-------- STORED DATA --------

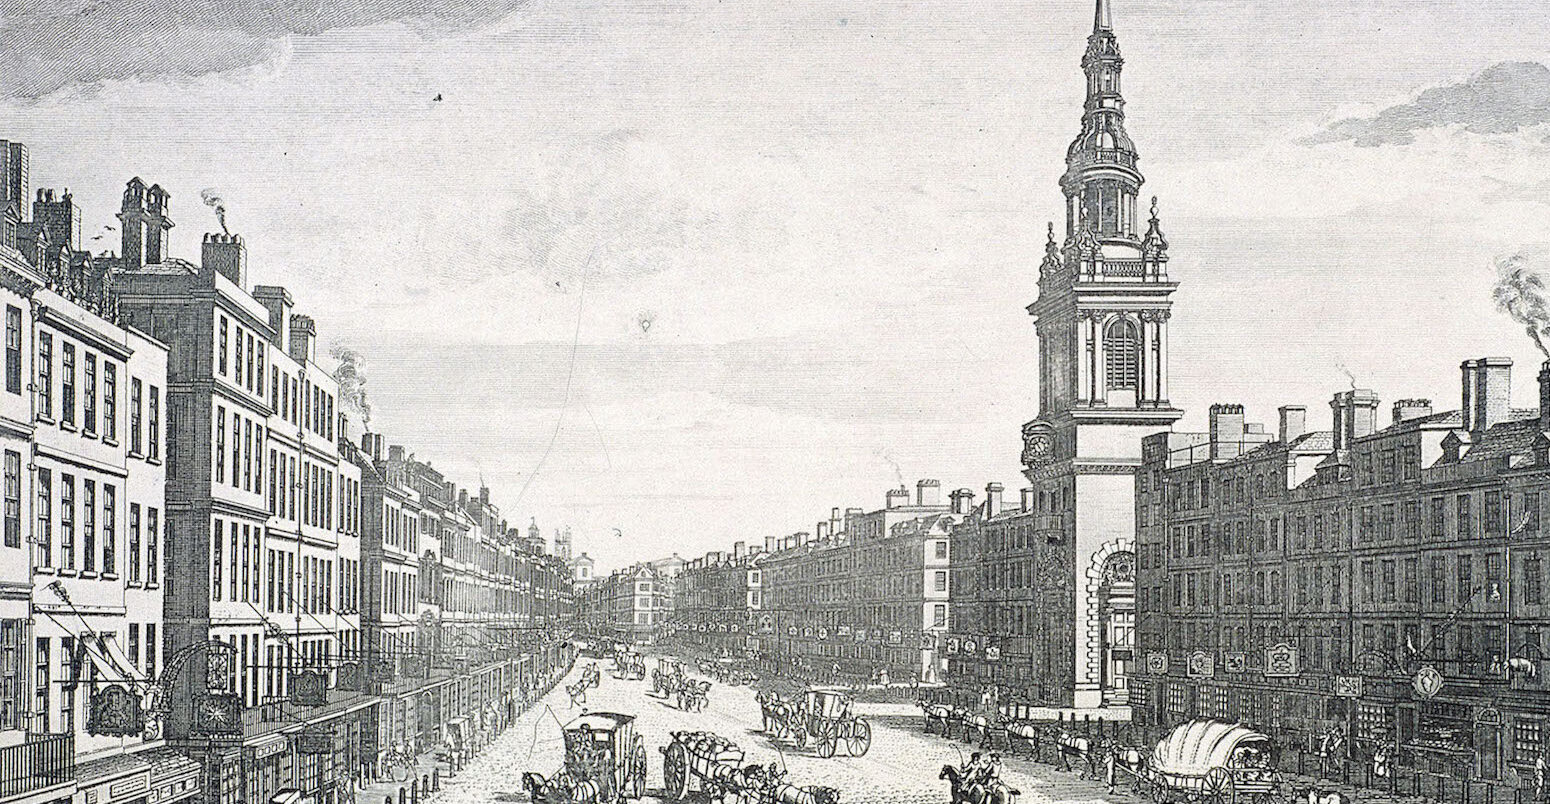 St Mary-le-Bow, London, 1757, by artist Thomas Bowles.
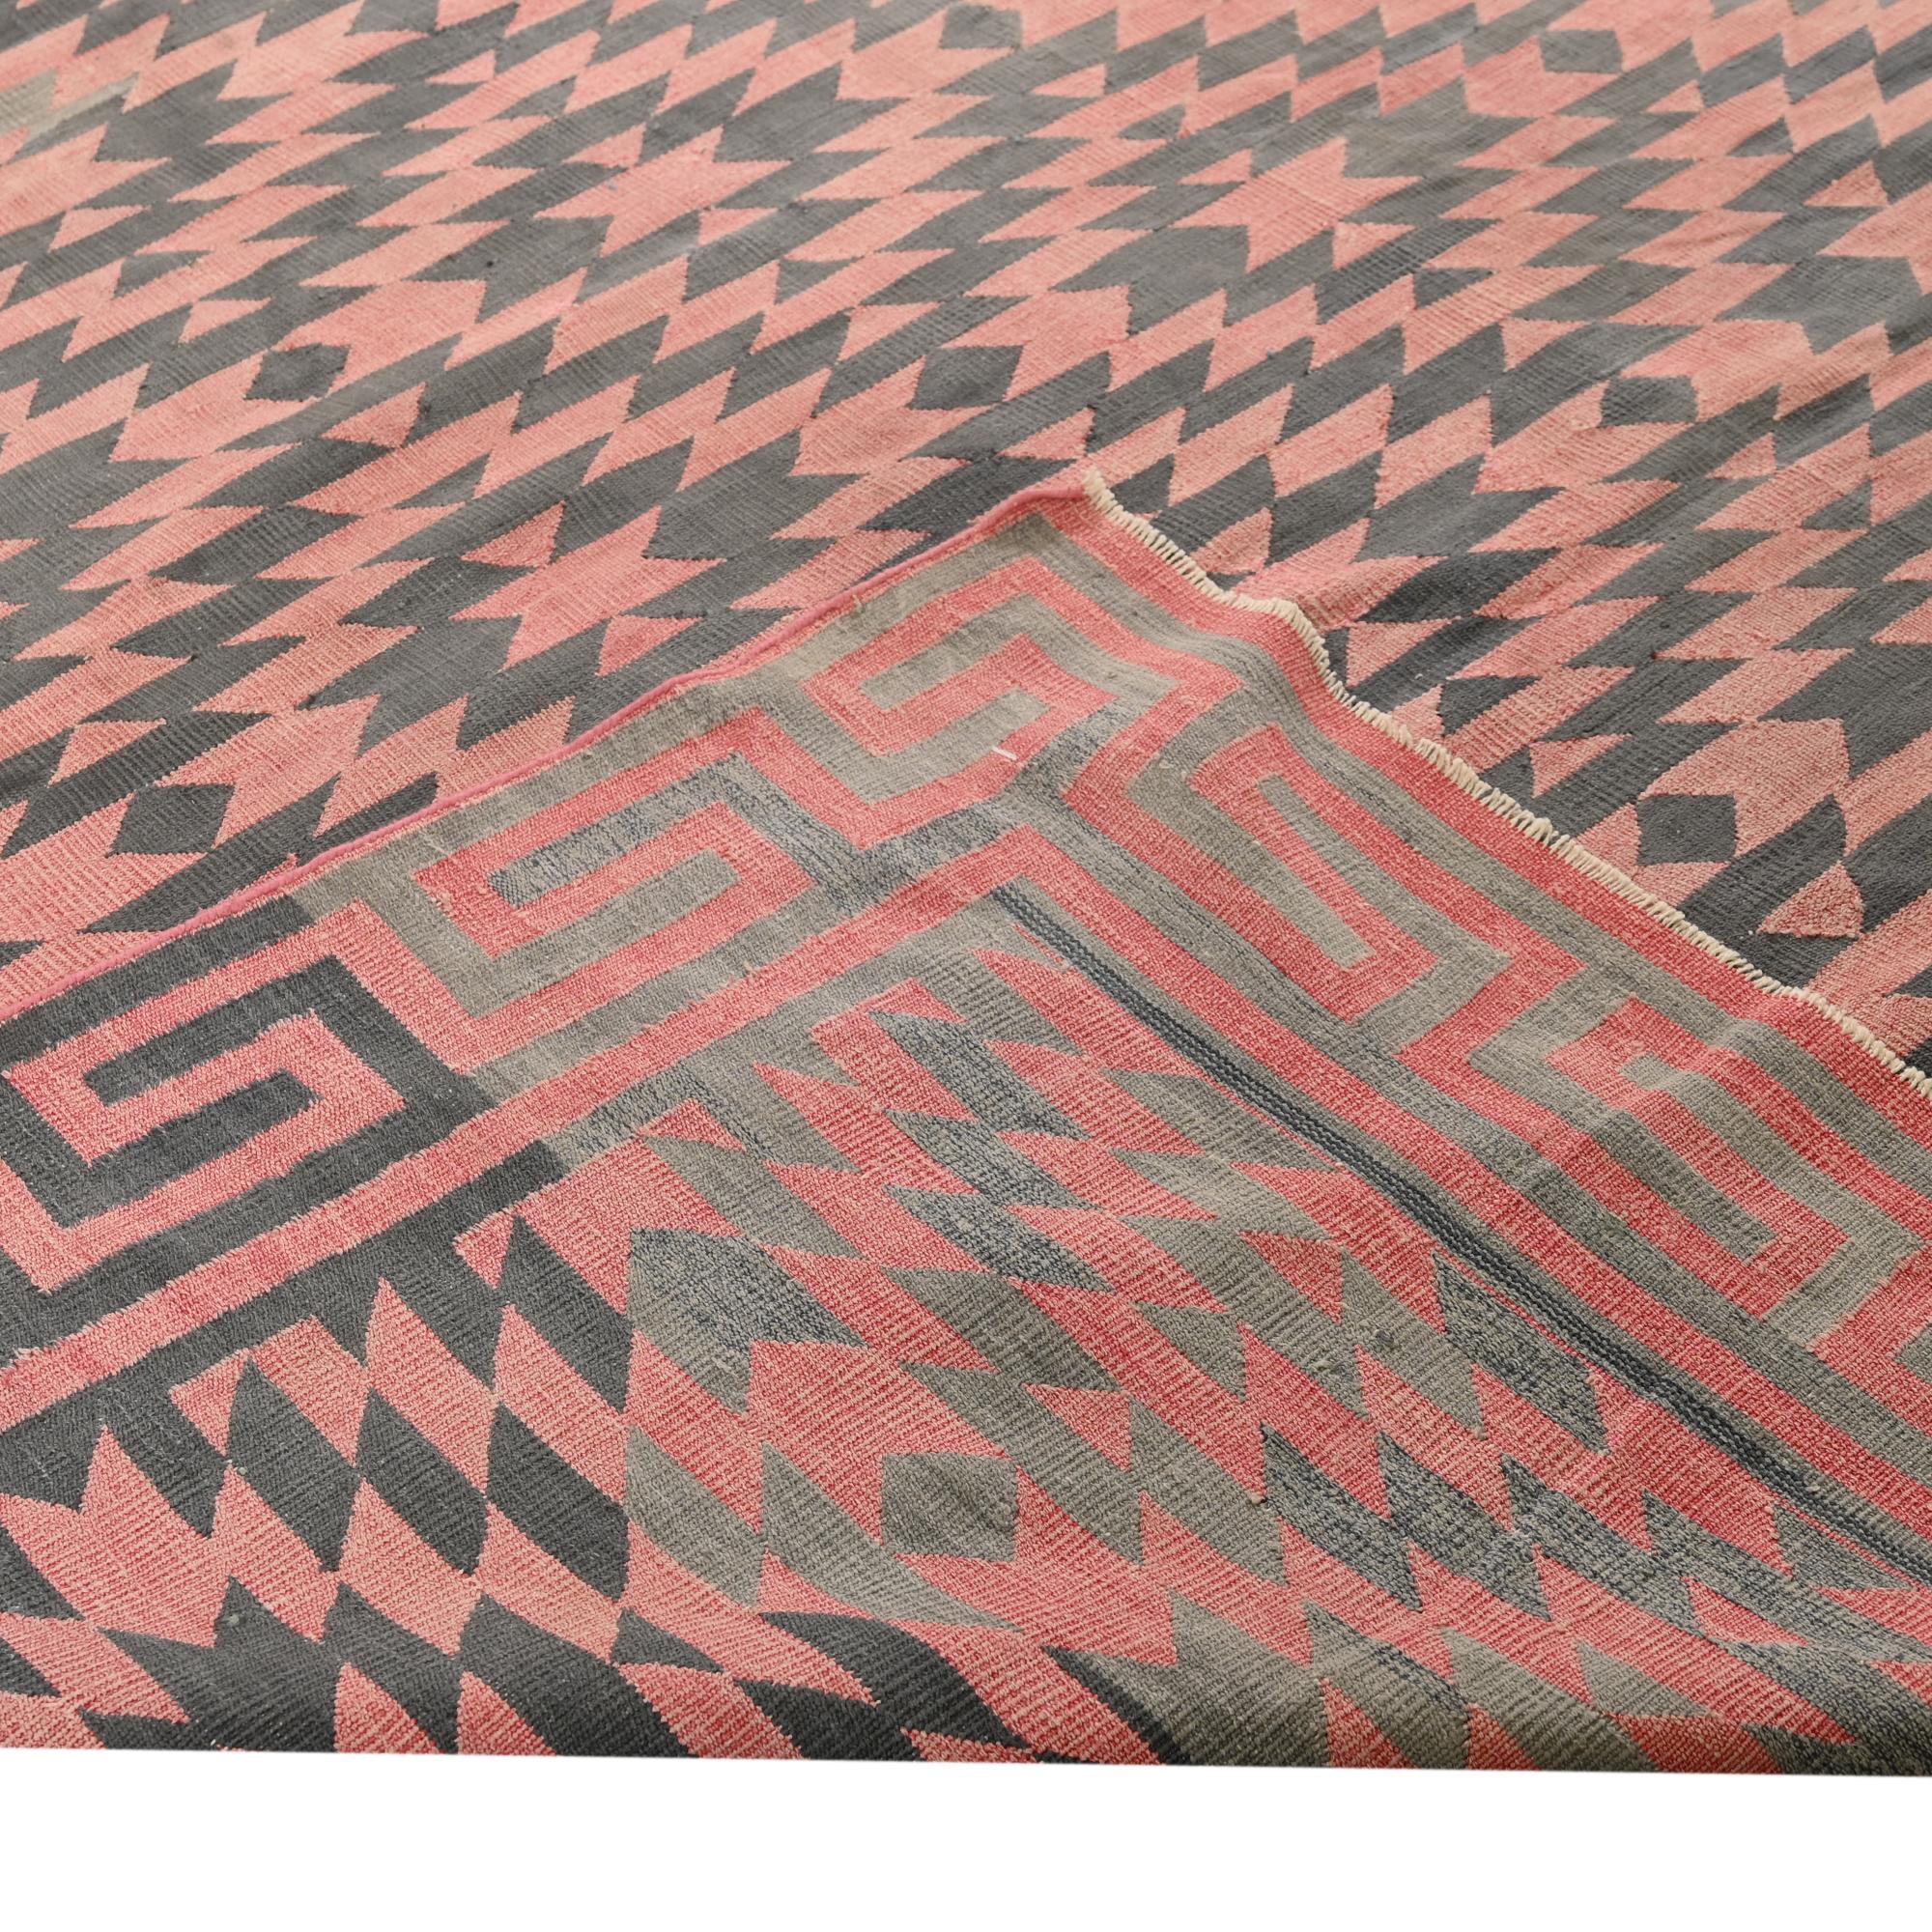 Vintage Dhurrie Flat Weave in Pink with Brown Geometric Patterns by Rug & Kilim In Good Condition For Sale In Long Island City, NY
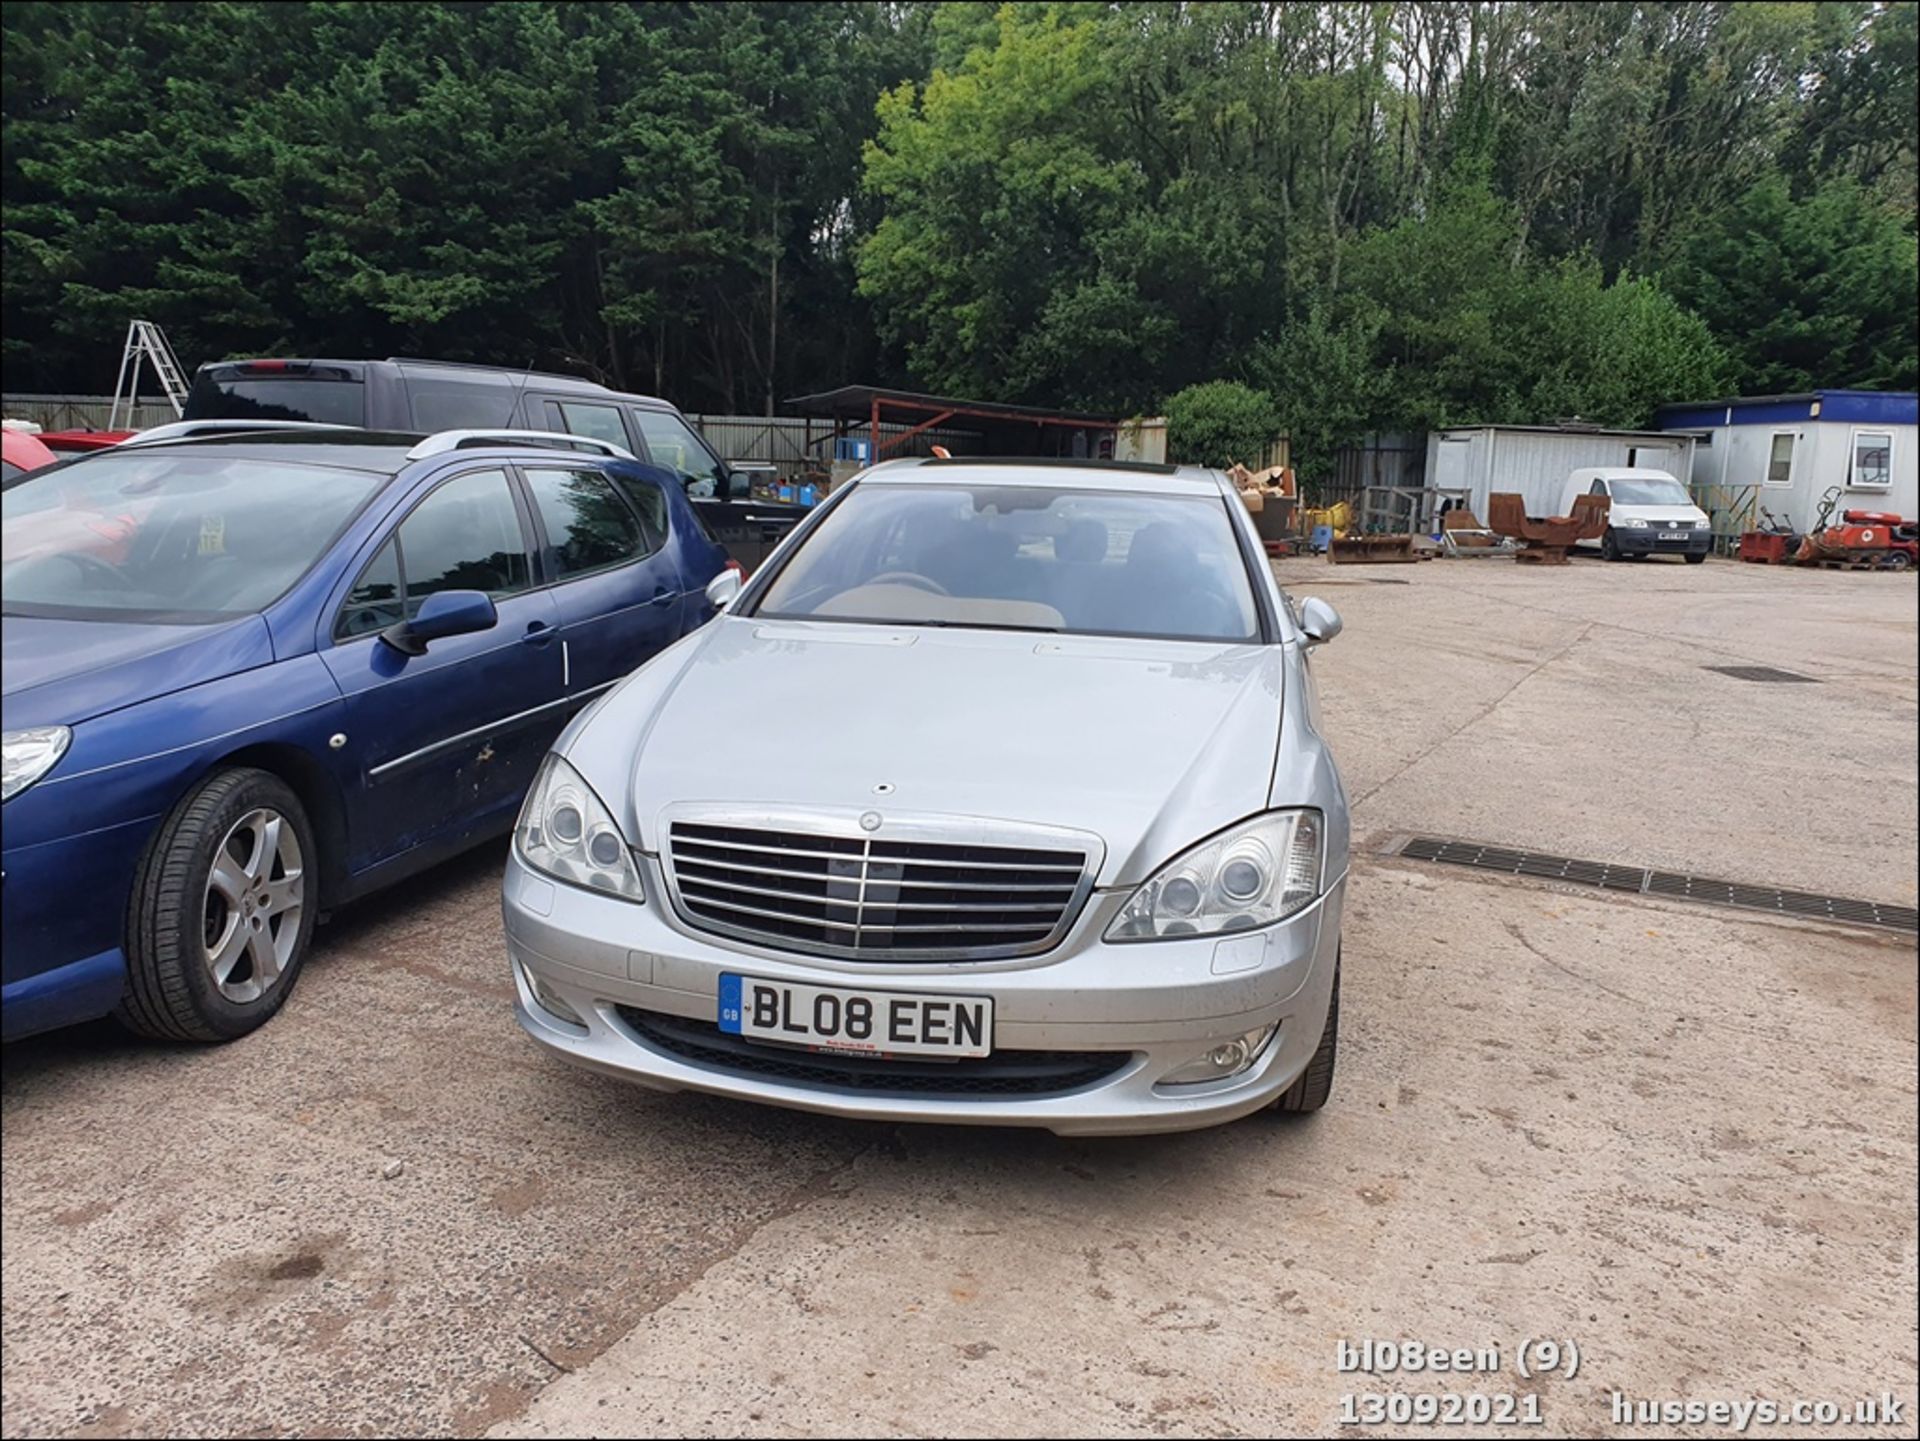 08/08 MERCEDES S320 CDI AUTO - 2987cc 4dr Saloon (Silver, 205k) - Image 9 of 16

--------

* [INSTRUCTIONS TO FOLLOW]:
Return each line of the material exactly as written; exclude the pictures.

* [ANSWER FOR THE TASK]:
 St Mary-le-Bow, London, 1757, by artist Thomas Bowles.
 Vintage Dhurrie Flat Weave in Pink with Brown Geometric Patterns by Rug & Kilim In Good Condition For Sale In Long Island City, NY
 08/08 MERCEDES S320 CDI AUTO - 2987cc 4dr Saloon (Silver, 205k) - Image 9 of 16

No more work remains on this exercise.